Maren Hackenberg studied Mathematics and Classical Languages at the University of Freiburg and the University La Sapienza in Rome, Italy, and completed her Master’s degree in Mathematics at the University of Freiburg. Since 2020, she has been pursuing a PhD at the Institute of Medical Biometry and Statistics, where she works on methods for modeling dynamic processes in clinical and biomedical applications, using a combination of approaches from mathematical modelling, statistics, and deep learning. Since 2023, she is part of the Small Data CRC.
Lennart Purucker is a Ph.D. student at the University of Freiburg since 2023 as part of the Small Data Initiative (CRC 1597, Project C05). His research interest is in Artificial Intelligence, with a focus on Machine Learning for small data. Mr. Purucker’s primary focus is on tabular data (e.g., Excel sheets), but he also works on vision, text, and time series data.Esma Secen studied Molecular Biology and Genetics at University of Onsekiz Mart Canakkale, Turkey, and completed her Master’s degree in Molecular Medicine, majoring in Neurology, at Friedrich-Schiller-University Jena, Germany. Since 2023, she has been pursuing her PhD at the Small Data CRC, focusing on dissecting the molecular basis of monogenic neurodevelopmental disorders and focussing on dissecting the molecular basis of monogenic neurodevelopmental disorders and investigating the genetic mechanisms underlying intellectual disability in humans.

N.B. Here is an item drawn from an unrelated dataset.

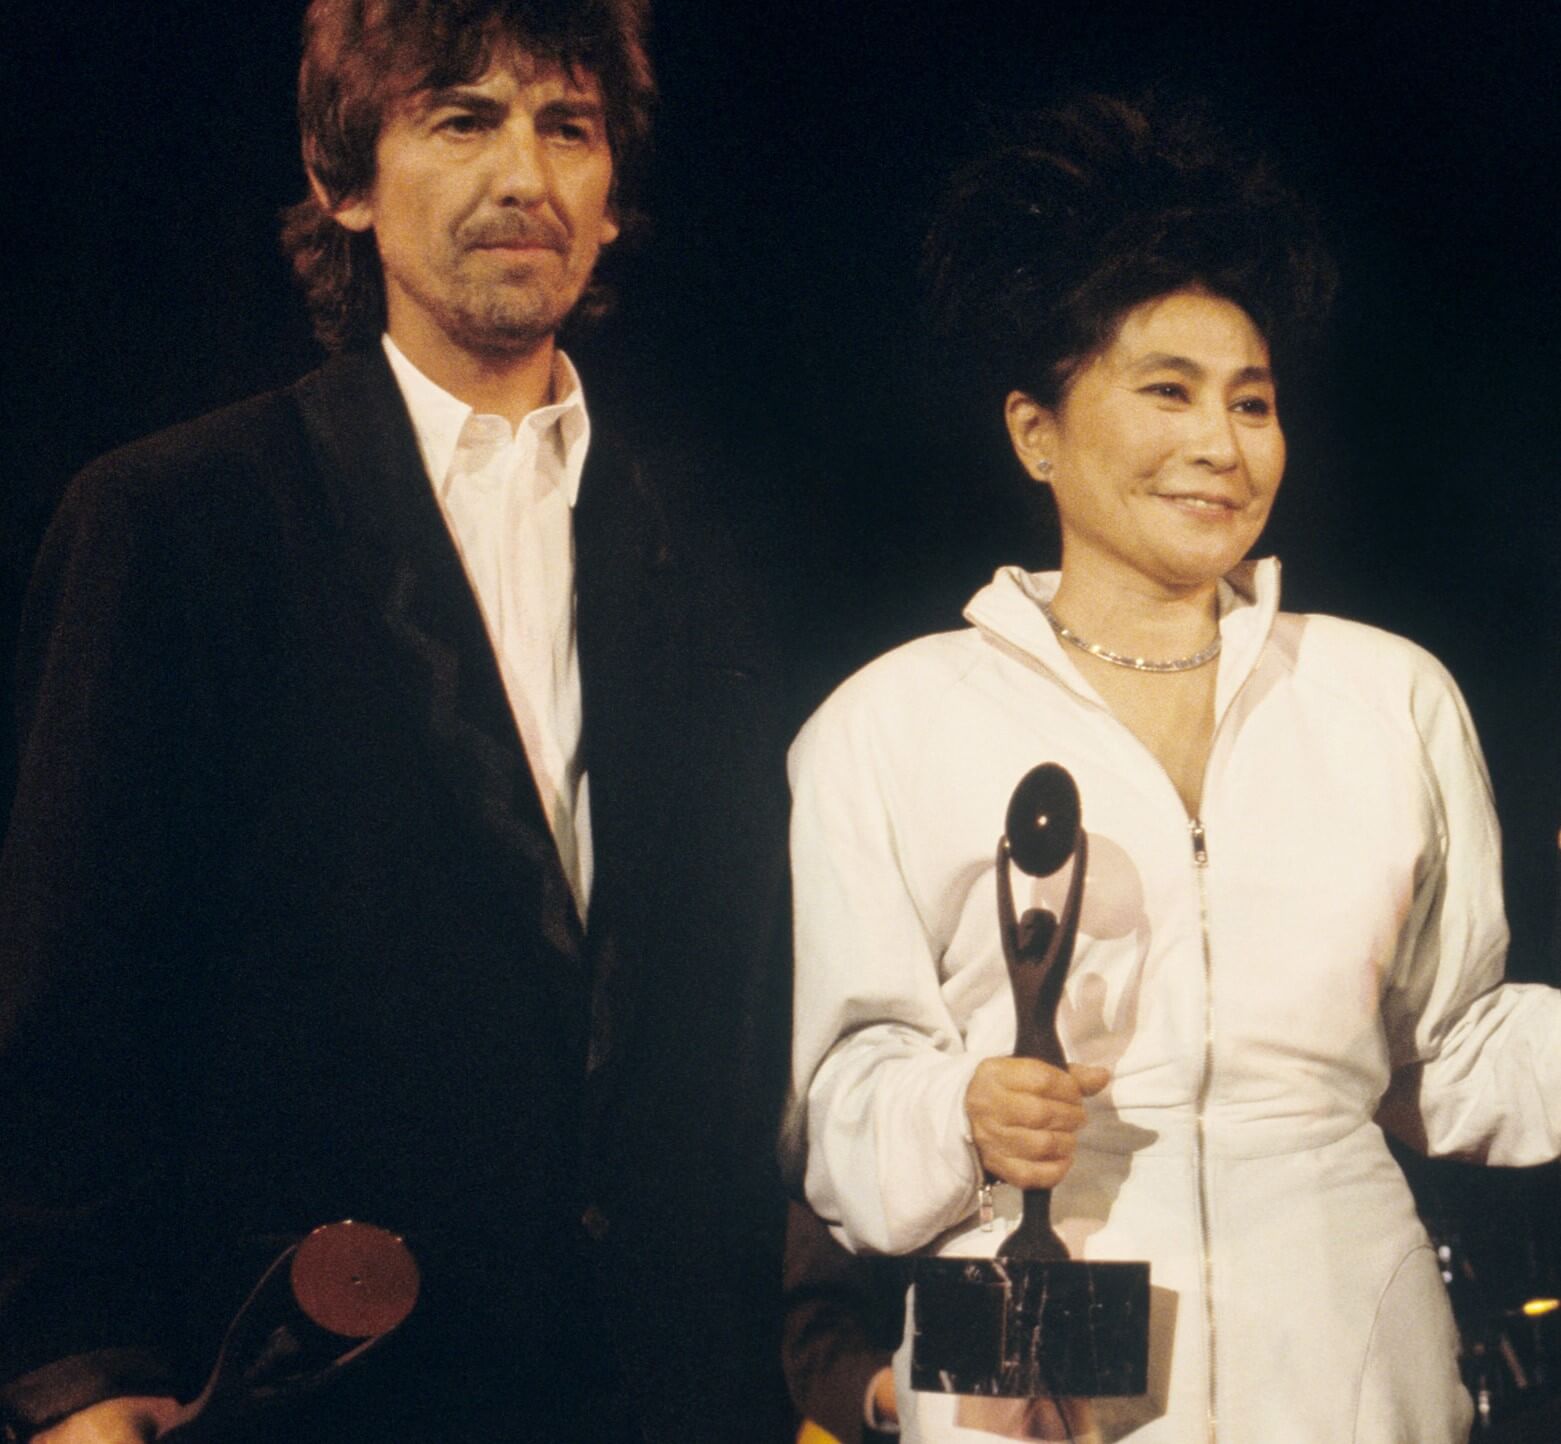 George Harrison standing next to Yoko Ono

Artificial intelligence (AI) techniques typically require large data sets, also called “big data”. Biomedical data sets, on the other hand, often only comprise a relatively small number of observations. These “small data” applications may seem more manageable at first glance, but they make it much more difficult to use data-hungry Artificial Intelligence approaches. The Collaborative Research Centre 1597 “Small Data” is developing methods for using artificial intelligence techniques and modelling to discover complex patterns even in such relatively small data sets. This requires a highly interdisciplinary approach that combines expertise from computer science, mathematics, statistics, medicine and systems modelling – and establishes a shared language among researchers from the different disciplines. The German Research Foundation (DFG) is funding the CRC with over 11 million euros until June 2027. If continuation applications are successful, the new CRC could run for a total of twelve years. The spokesperson is Prof. Dr Harald Binder, Professor of Medical Biometry and Statistics at the Medical Faculty of the University of Freiburg and the Medical Centre.